## Source material
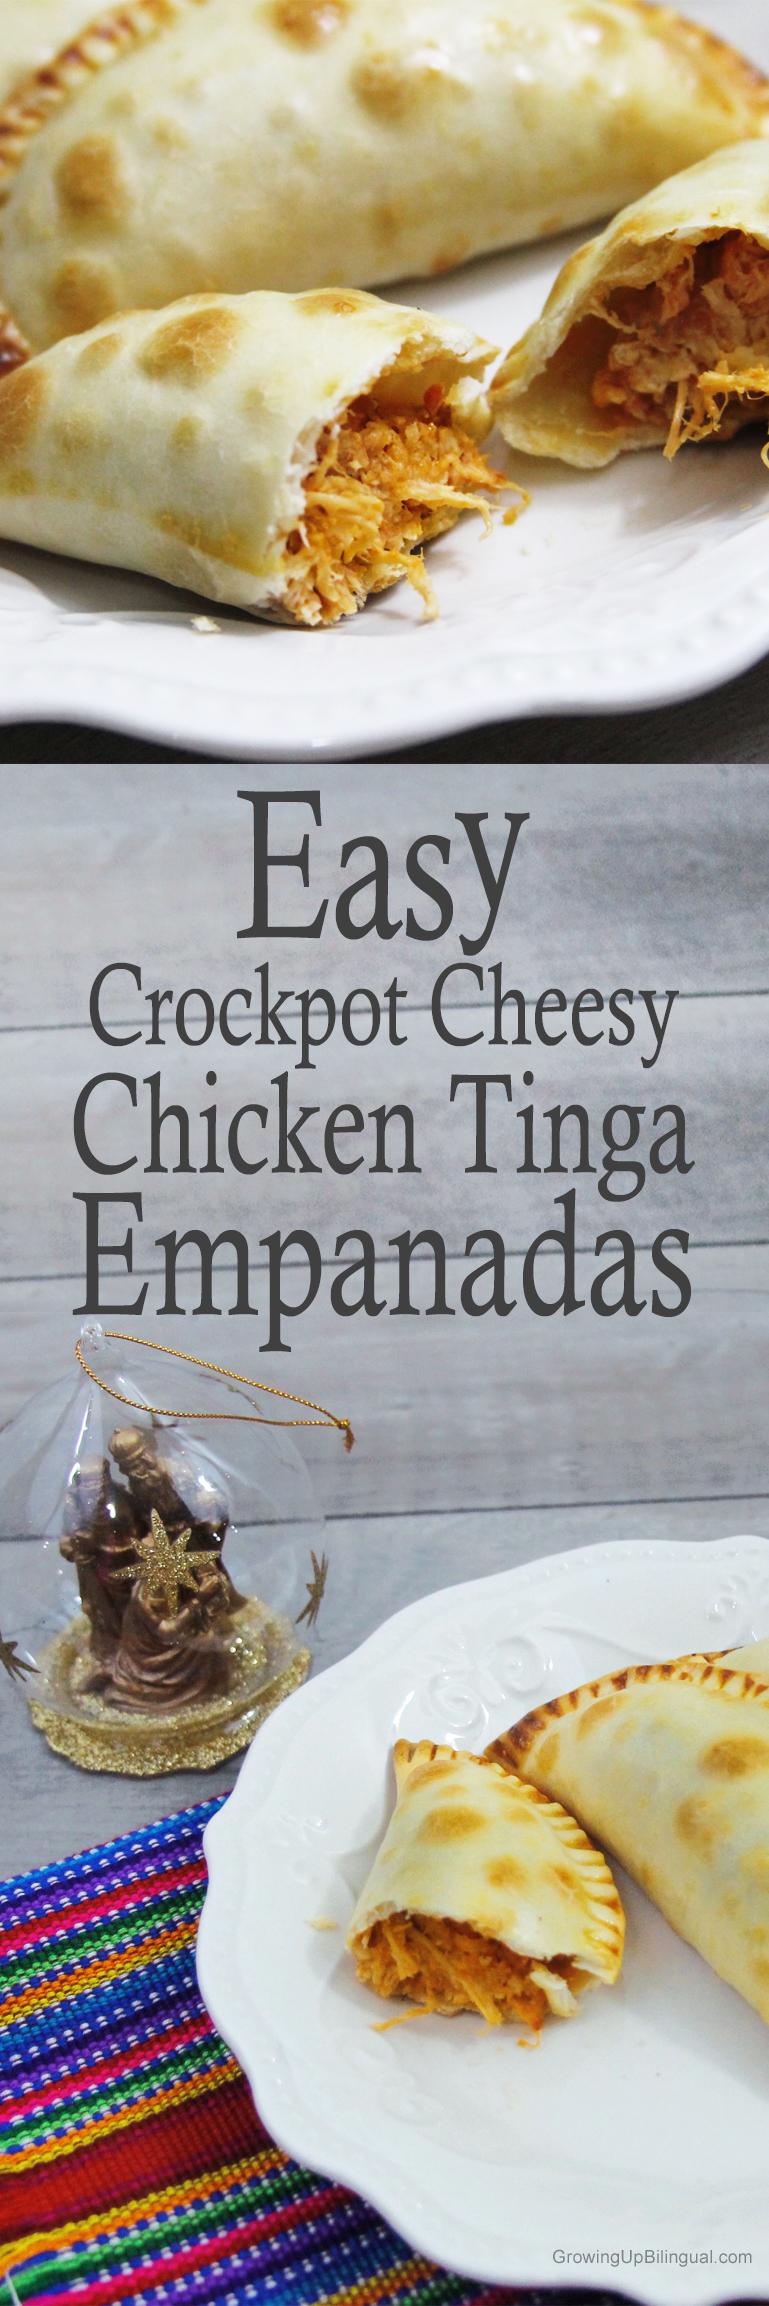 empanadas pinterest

==

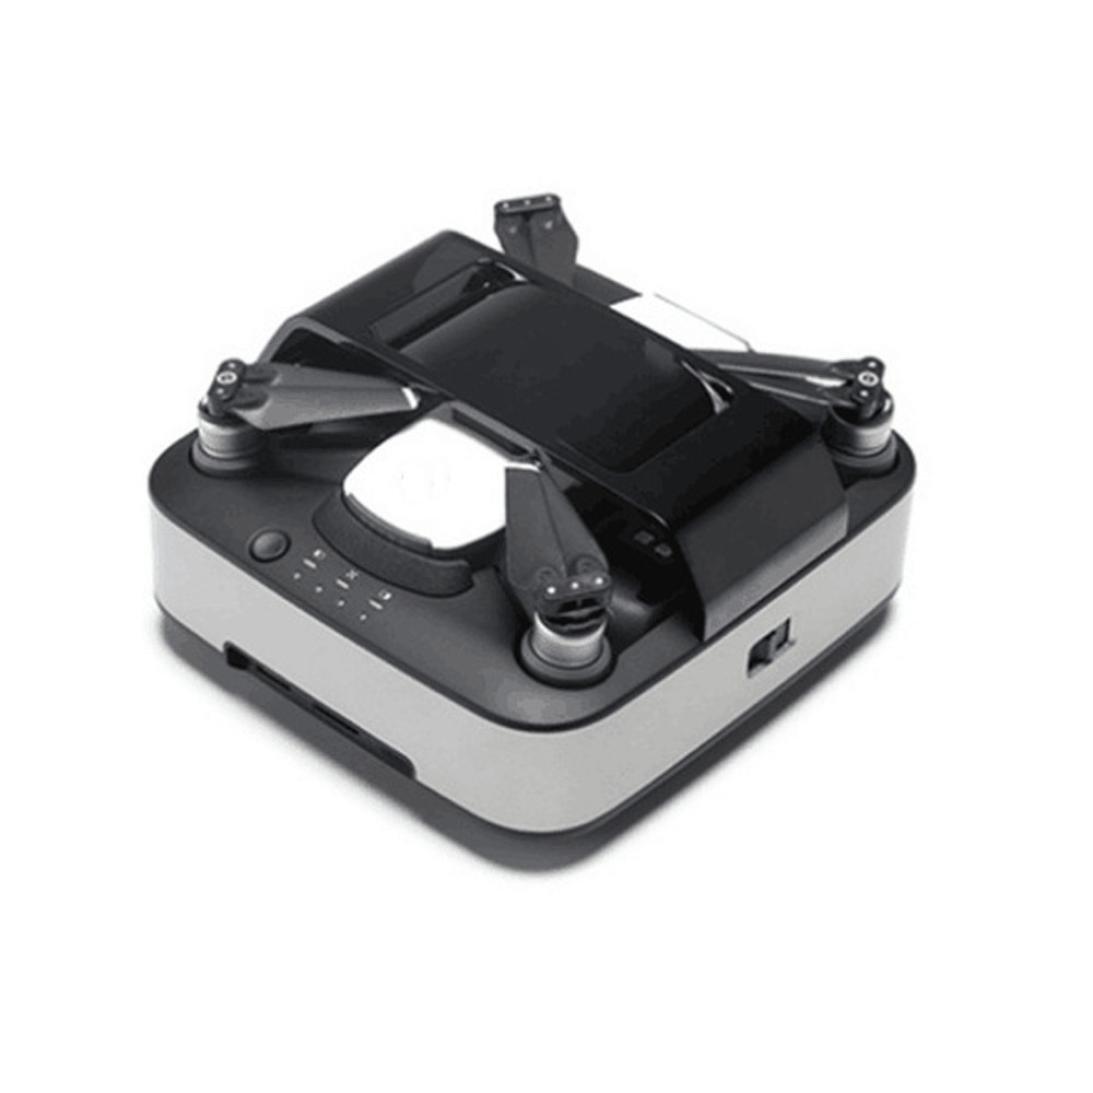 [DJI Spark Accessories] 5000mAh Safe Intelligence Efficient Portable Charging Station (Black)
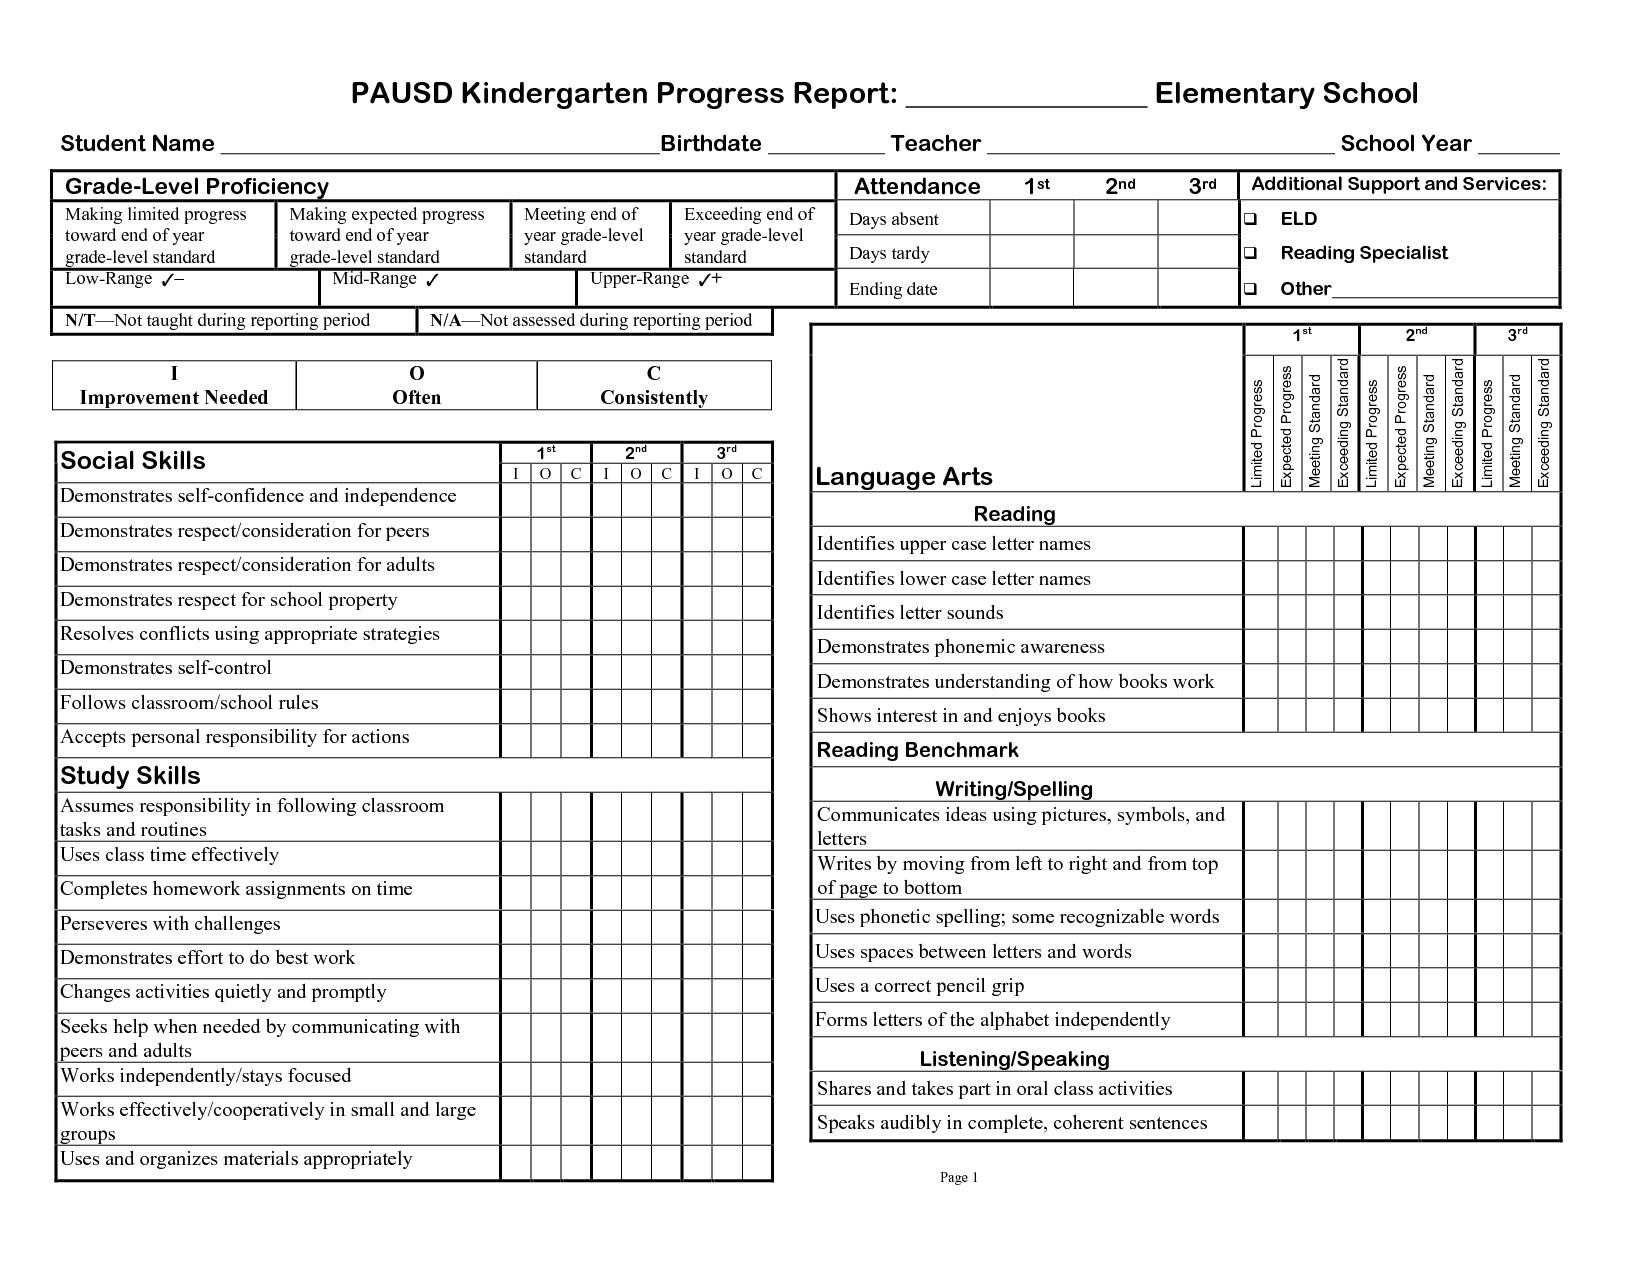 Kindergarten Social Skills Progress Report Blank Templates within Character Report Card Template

## Exercise instructions
From the records above, transcribe exactly the lines starting at the one containing "[DJI Spark Accessories]" and ending at the one containing "Kindergarten Social Skills". Skip the pictures.

## Answer to this problem
 [DJI Spark Accessories] 5000mAh Safe Intelligence Efficient Portable Charging Station (Black)
 Kindergarten Social Skills Progress Report Blank Templates within Character Report Card Template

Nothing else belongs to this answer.